Further documentation details are provided in the text file ghcn-daily_format.rtf in this 
ftp://ftp.ncdc.noaa.gov/pub/data/ghcn/daily/by_year/ directory.

Users may find data files located on our ftp server at ftp://ftp.ncdc.noaa.gov/pub/data/ghcn/daily/all/. 
NOTE: 
There is no observation time contained in period of record station files. 

GHCN Daily data are currently available to ALL users at no charge. 
All users will continue to have access to directories for ftp/ghcn/ and ftp3/3200 & 3210/ data at no charge.

For detailed information on this dataset visit the GHCN Daily web page at http://www.ncdc.noaa.gov/oa/climate/ghcn-daily/

You would think there would be ONE historical set of original RAW data, but no… not found it yet… there looks to be many copies, all with slightly different processing, mixes, histories, updates, “quality assurance”, etc…

Down in the footer of the top page is a comment that they have a ‘legacy’ site with data sets not yet migrated to the new site. Probably worth some archival time…
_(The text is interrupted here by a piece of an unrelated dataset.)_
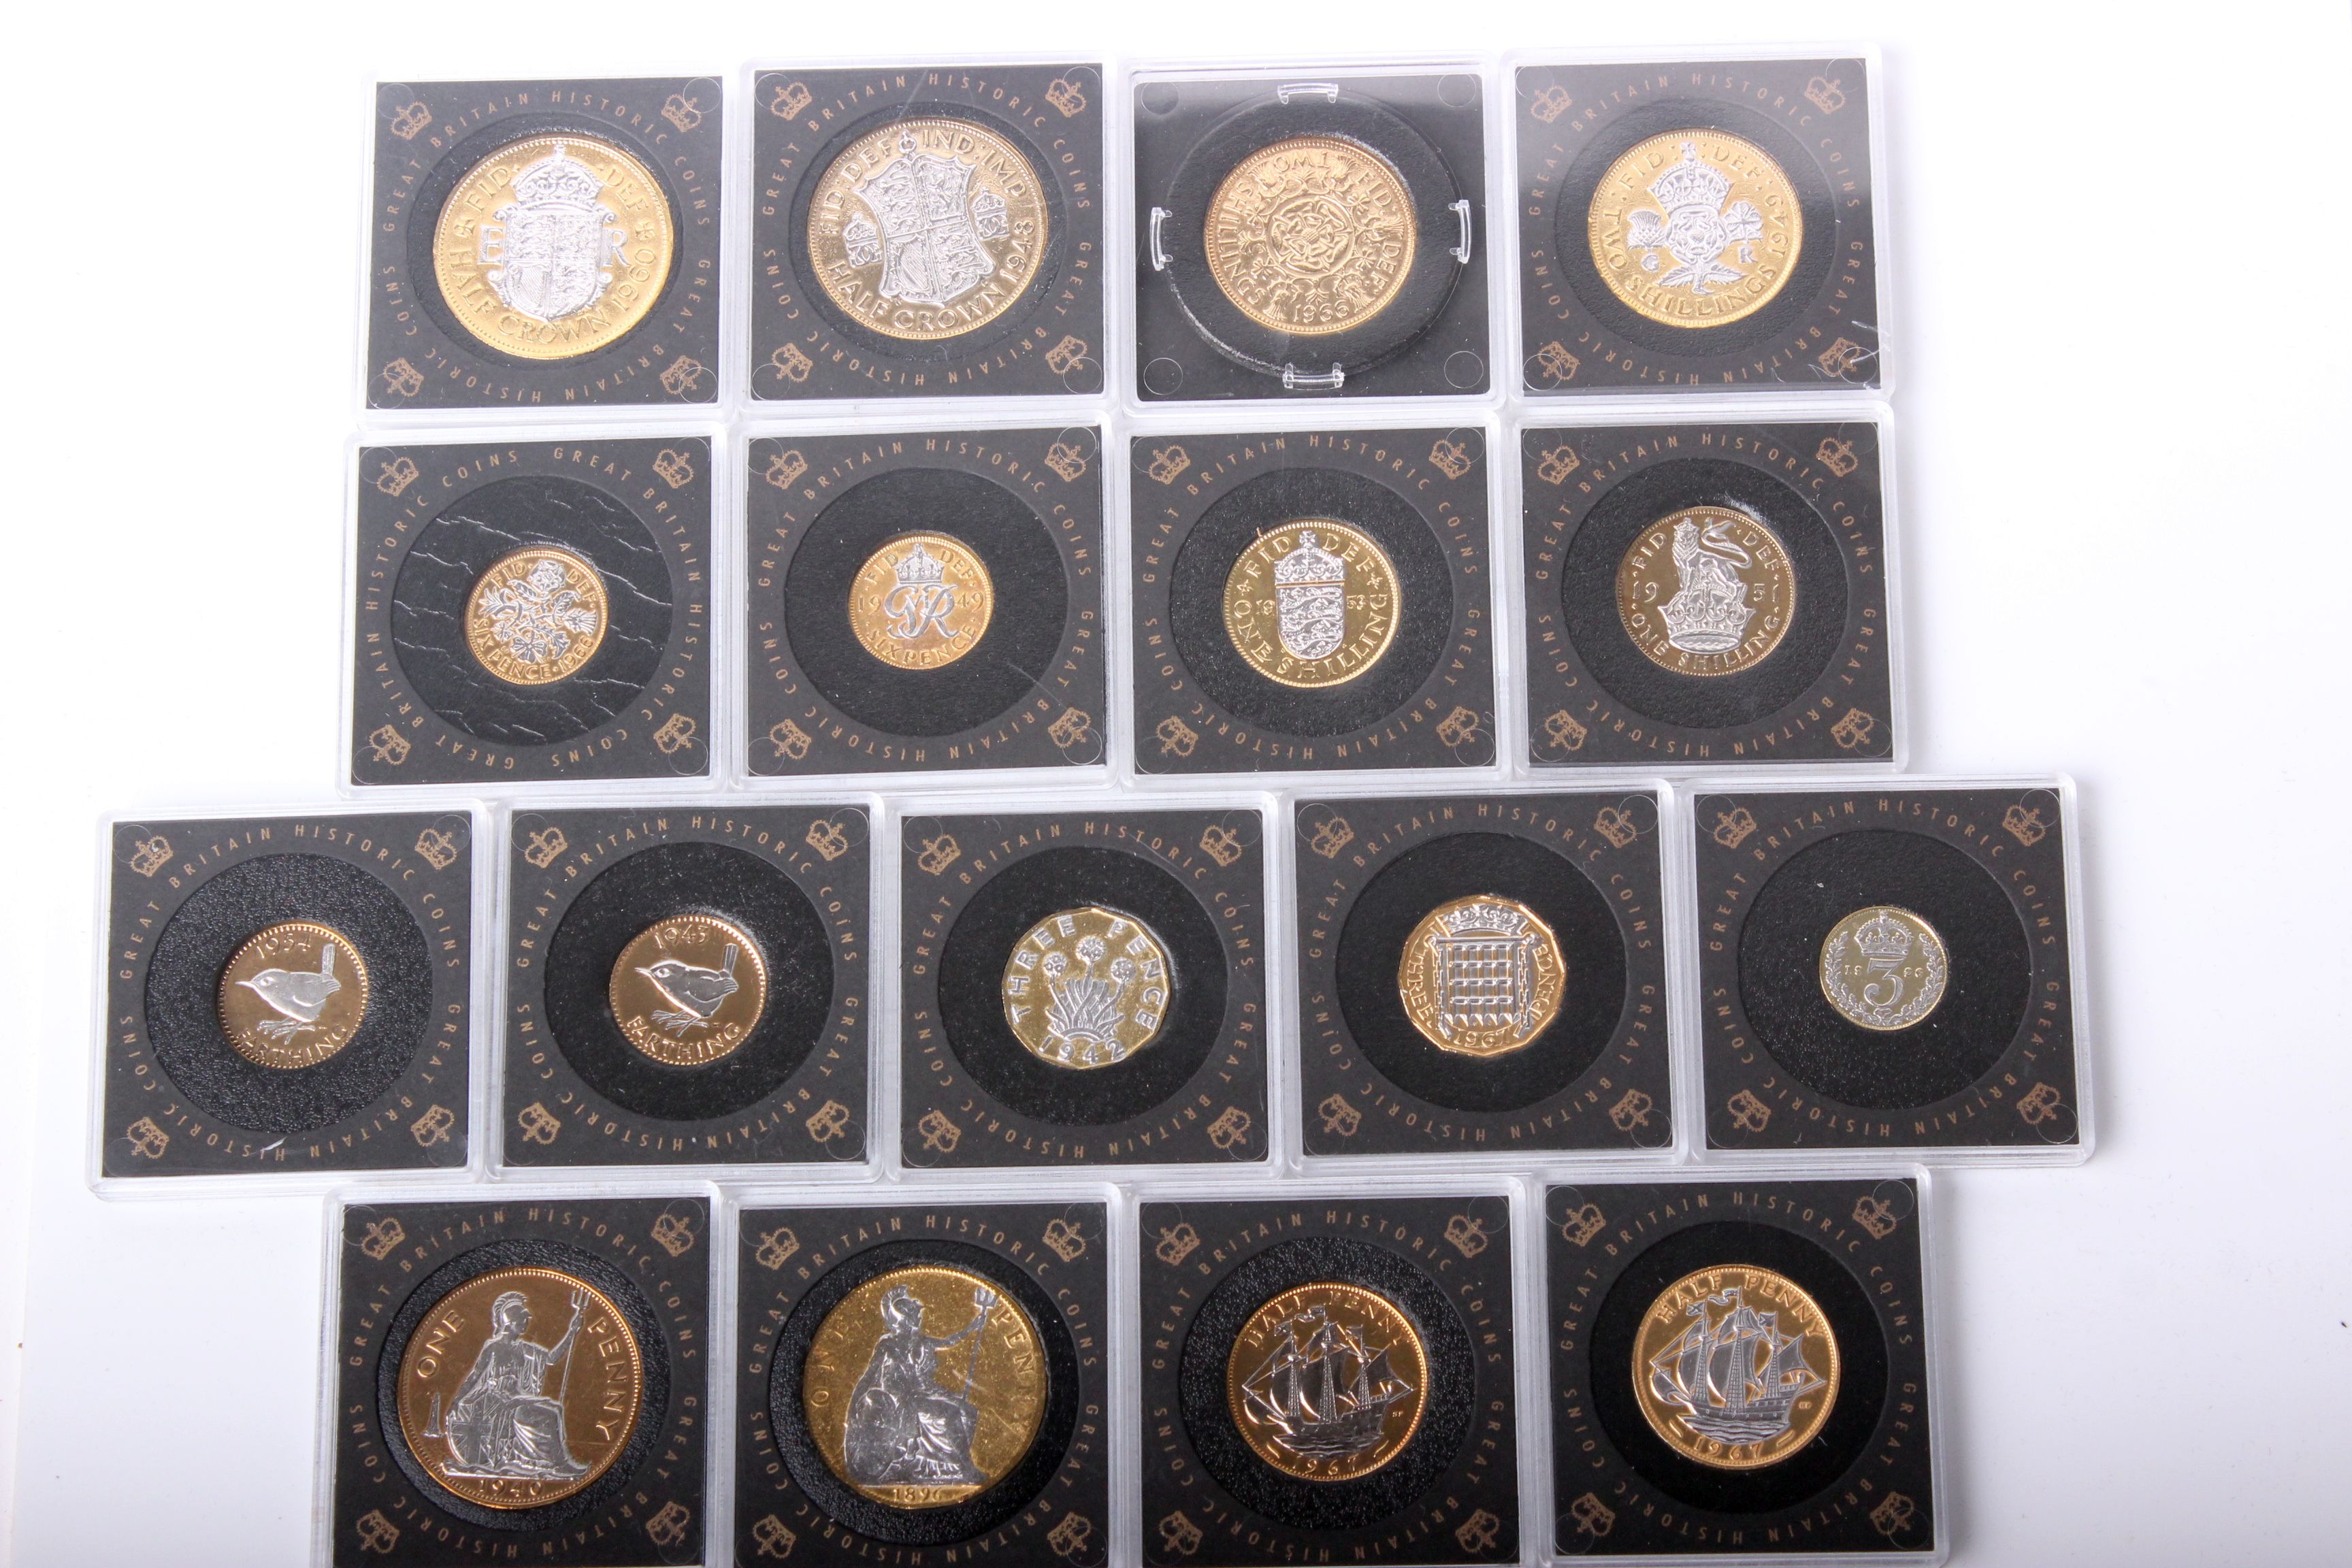 Westminster 'The Historic Coins of Great Britain', seventeen encapsulated coins all with

Data Here: http://www7.ncdc.noaa.gov/CDO/cdo

There is a ‘data set’ option in a drop down on the right. Has some satellite as well as ground data. Could likely spend a month on that just sorting it out, and archiving the bits that are valuable. I’ve not explored it yet, but the implication is that this ‘older’ site / version is going to go away once brought up to date. No idea if that means “copy over intact” to the new site; or “convert and expunge the original past”.

They also have a USHCN set of data, but they describe it as a subset of the GHCN. More details here:

http://www.ncdc.noaa.gov/oa/climate/research/ushcn/

It comes in versions too… they have Version 2.5 up now.

ftp://ftp.ncdc.noaa.gov/pub/data/ushcn/

Has the various versions listed (v1, v2, v2.5) as directories. Also has a ‘daily’ directory.

File:ushcn_01.tar 	130275 KB 	11/7/2002 	12:00:00 AM
File:ushcn_98.tar 	122824 KB 	3/23/2000 	12:00:00 AM

At a few hundred MB, not that large to snag a copy. Though one wonders what happened since 2002 as the newest date stamp.

V1 has only a ‘metadata’ directory and v2 has only ‘monthly’. No idea where to get the old v1 and v2 data now.

Hadley CRU Climate Research Unit

The English archival site. Infamously having said that they “lost the original data”, but that post processing “improved” versions were available, and besides, it was mostly like GHCN that was at NCDC. (And would that be GHCN version 1, 2, or 3? Hmmm??? As the data Langoliers are busy rewriting it…)

At any rate, they may have something of value; but I’d likely use the NCDC daily data instead. (Oh, NCDC also has a long list of ‘data food products’ that they have post processed in various ways. As, IMHO, those are NOT data but are processing products, I’ve not listed them here. From the same top link you can get to their processed, adjusted, homogenized, etc. stuff, I’ve left that out of this posting). For Hadley, since they lost the actual data, all you get is their post-processing data-food-products.

Top Link: http://hadobs.metoffice.com/

It claims that data are available.

Data Here:

CET: http://hadobs.metoffice.com/hadcet/

Interesting graph of it with a Very Nice plunge at the end in the last decade or so…

Hadley graph of Central England Temperature

Hadley graph of Central England Temperature

Gridded Monthly combined land / sea data-food-product: http://hadobs.metoffice.com/hadcrut4/

Has a data download link on the page, but mostly just looks like you can get the post-processed data-food-product as numbers instead of as scary pictures. Don’t see the point, really.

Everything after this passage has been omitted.